Segment Start: PROVIDED DATA

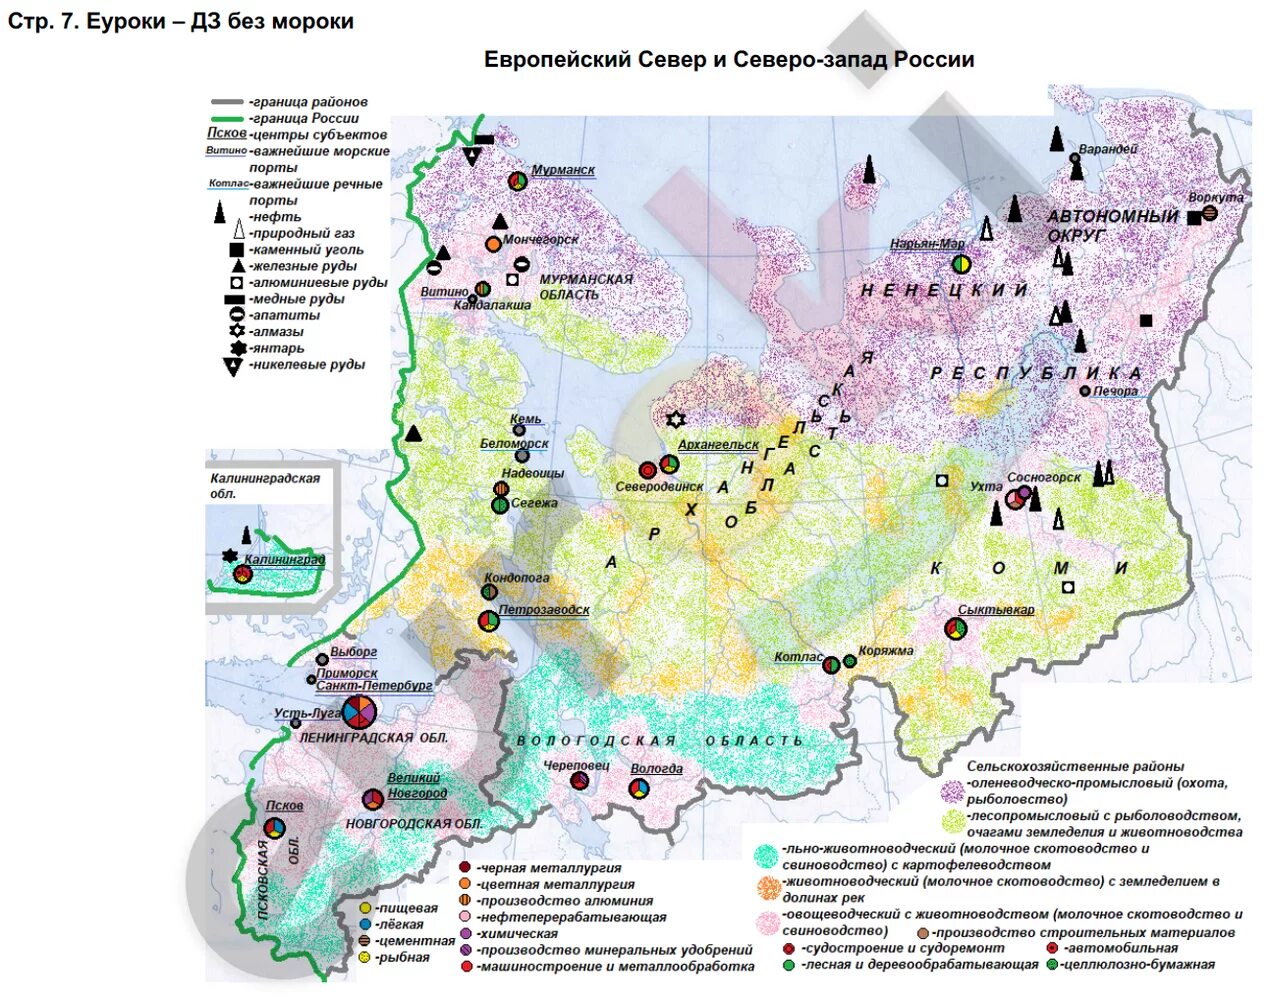 Какие полезные ископаемые европейского севера. Карта европейского севера и Северо-Запада России контурная карта.
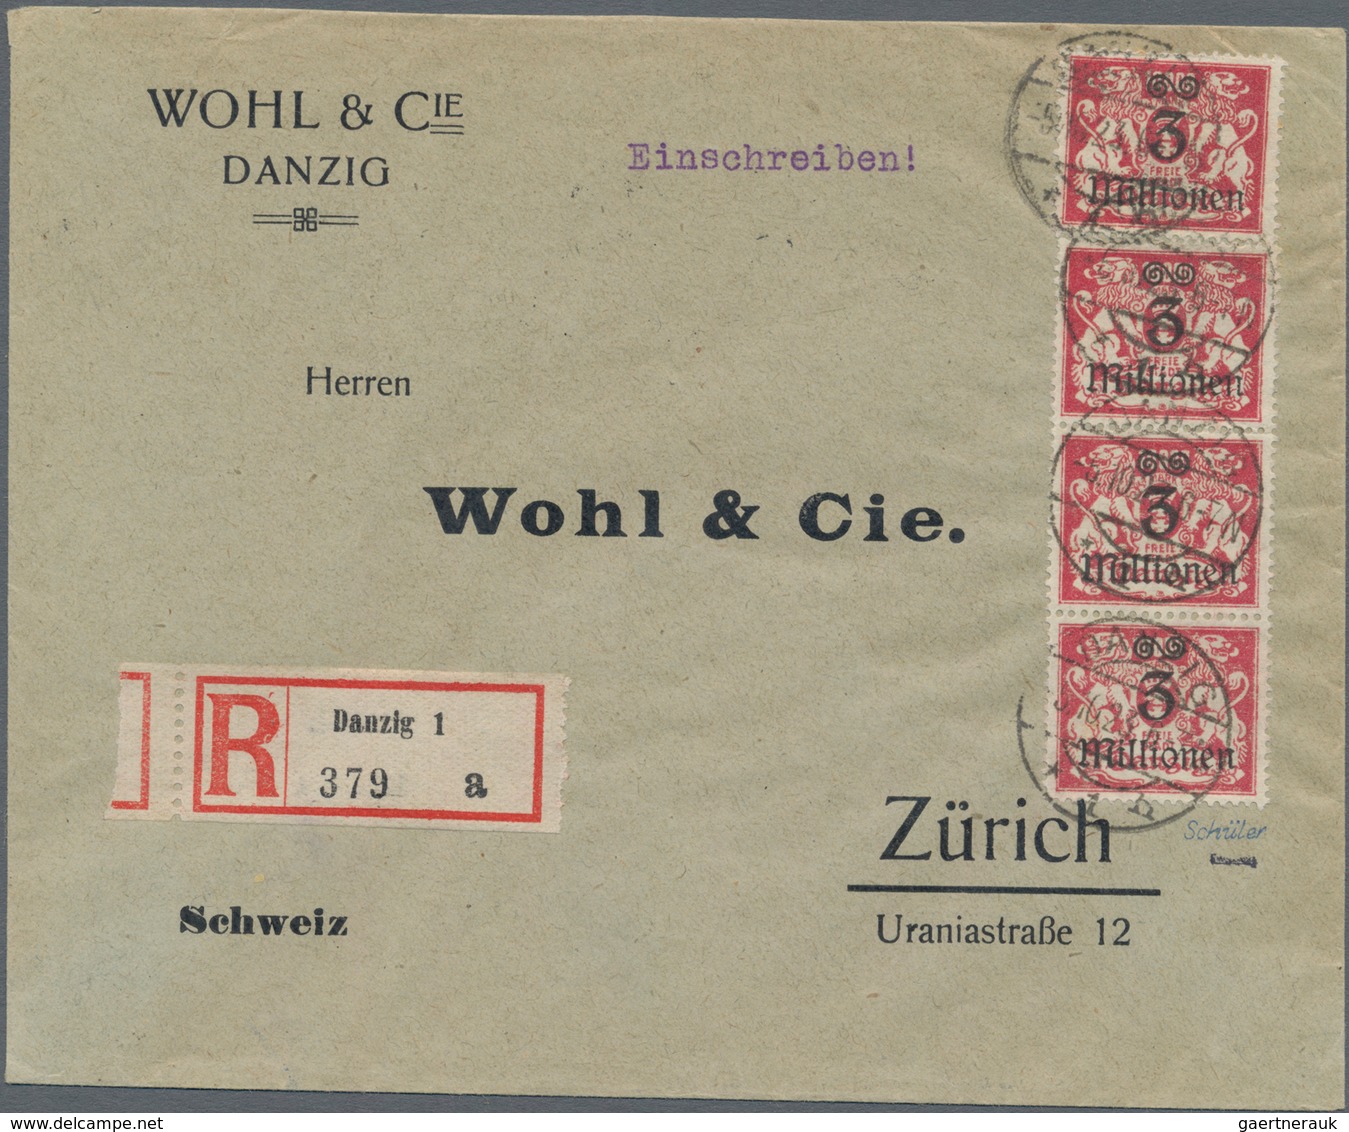 Danzig: 1920/1939, gehaltvolle Sammlung mit ca.120 Belegen, dabei viele besserere Frankaturen und be
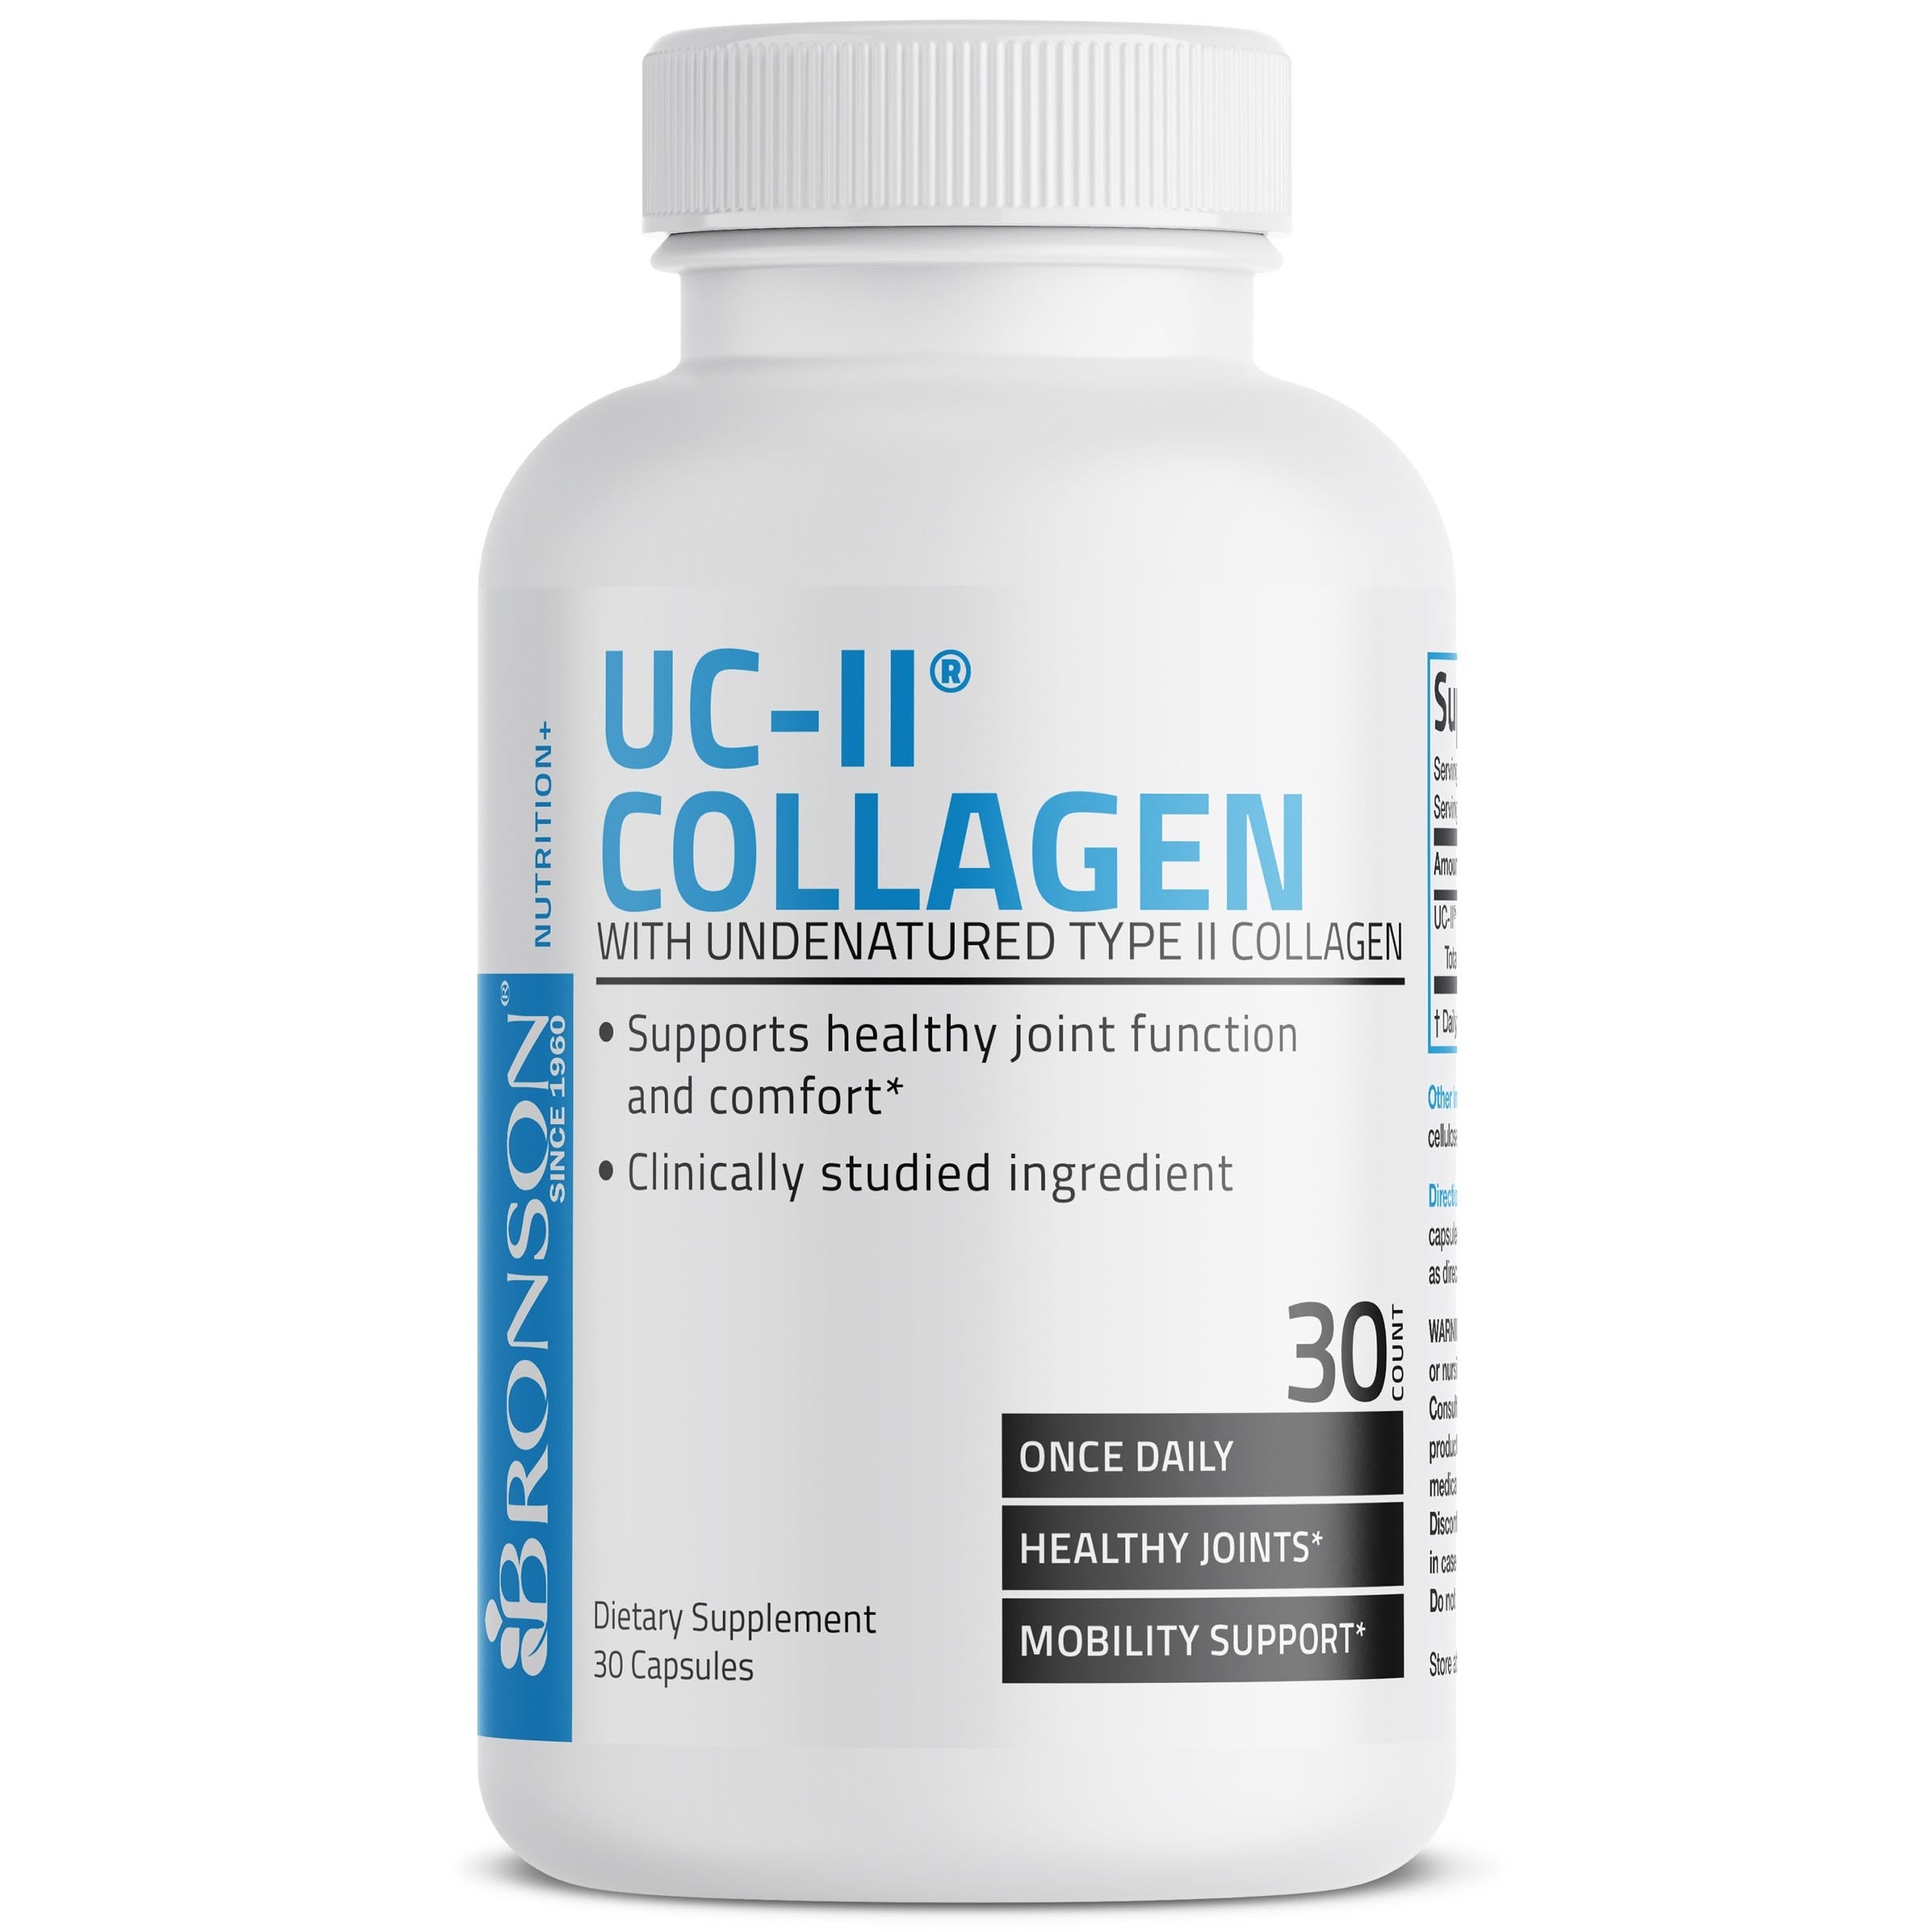 UC-II® Collagen with Undenatured Type II Collagen - 30 Capsules view 2 of 6

Segment End: PROVIDED DATA

Without including any picture, repeat the data exactly.

## [SOLUTION TO THIS EXERCISE]
 Какие полезные ископаемые европейского севера. Карта европейского севера и Северо-Запада России контурная карта.
 Danzig: 1920/1939, gehaltvolle Sammlung mit ca.120 Belegen, dabei viele besserere Frankaturen und be
 UC-II® Collagen with Undenatured Type II Collagen - 30 Capsules view 2 of 6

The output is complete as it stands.